Back to the robot category, there were a couple of phony referrers — these are typically bots that visit your website, pretending that they have gotten there by following a link from some site they are promoting, and hoping that I, as the webmaster viewing the visitor logs, will be curious enough to take a look. I got two of these; one was for a nonexistent site, another was for a diploma mill that was already unreachable today.

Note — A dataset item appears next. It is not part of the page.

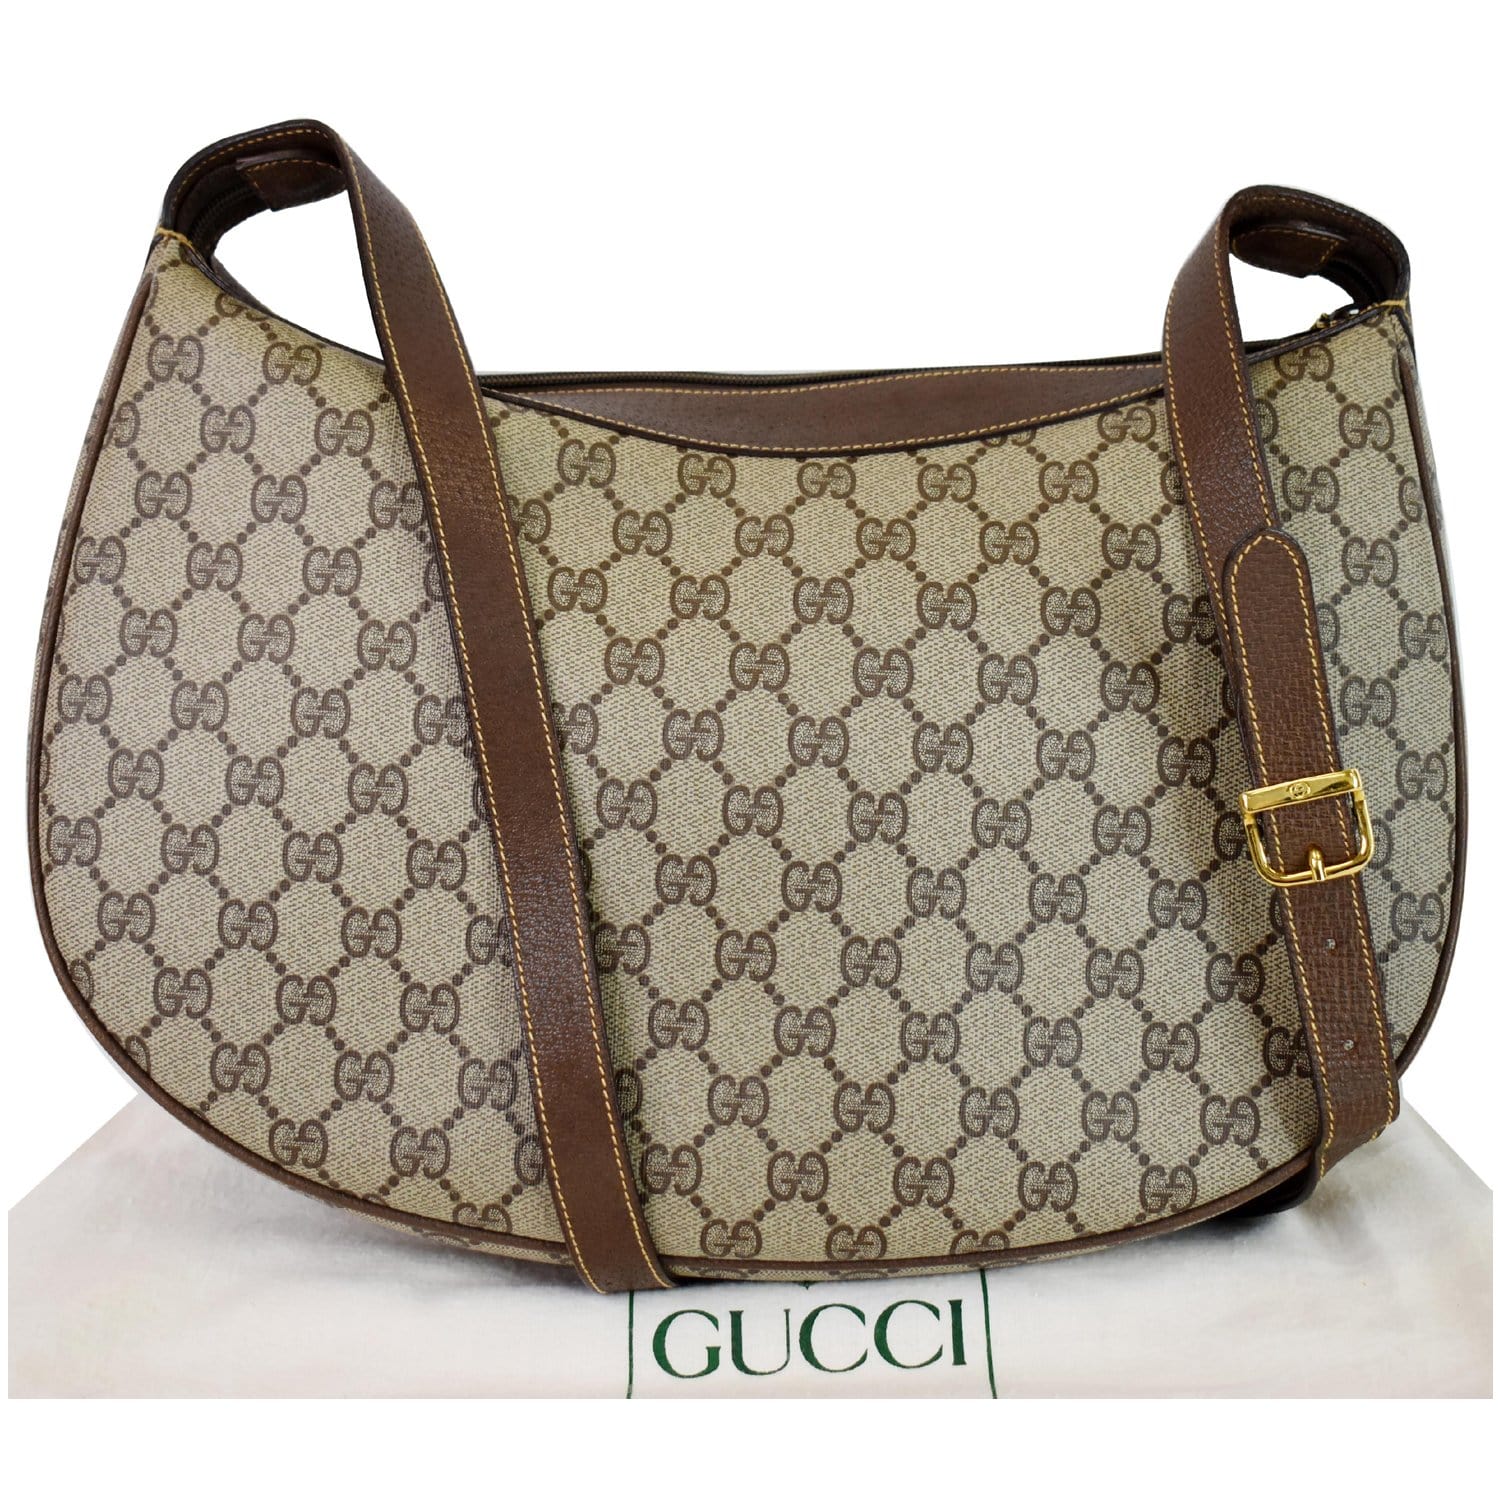 90s Authentic Vintage Bag Gucci/Blue Bag canvas/Canvas Leather Hobo Bag Gucci/Gucci Design Tote bag/Gucci Handbag

Some people still surf the web the old-fashioned way, by visiting web pages and reading them. Of these, many came here from following links at Wikipedia. Six people visited Thoreau’s Herald of Freedom page by following the link on Wikipedia’s page about the essay. One person came to the Thoreau on John Brown page by following a link on Wikipedia’s A Plea for Captain John Brown page. Eighteen people came by to read Civil Disobedience from Wikipedia, including one who did it four times over two hours (another went there after having come to Herald… from Wikipedia first). Three people came by to look at the Excerpts from Thoreau’s journals from Wikipedia but only one made it past the index. One person came to see Thoreau’s The Service and one to see his Slavery in Massachusetts (twice) from Wikipedia. The only non-Thoreau Wikipedia page to send any visitors here last Tuesday was the page on Julia Butterfly Hill, which brought one person here to view my article about her tax resistance (15 October 2003).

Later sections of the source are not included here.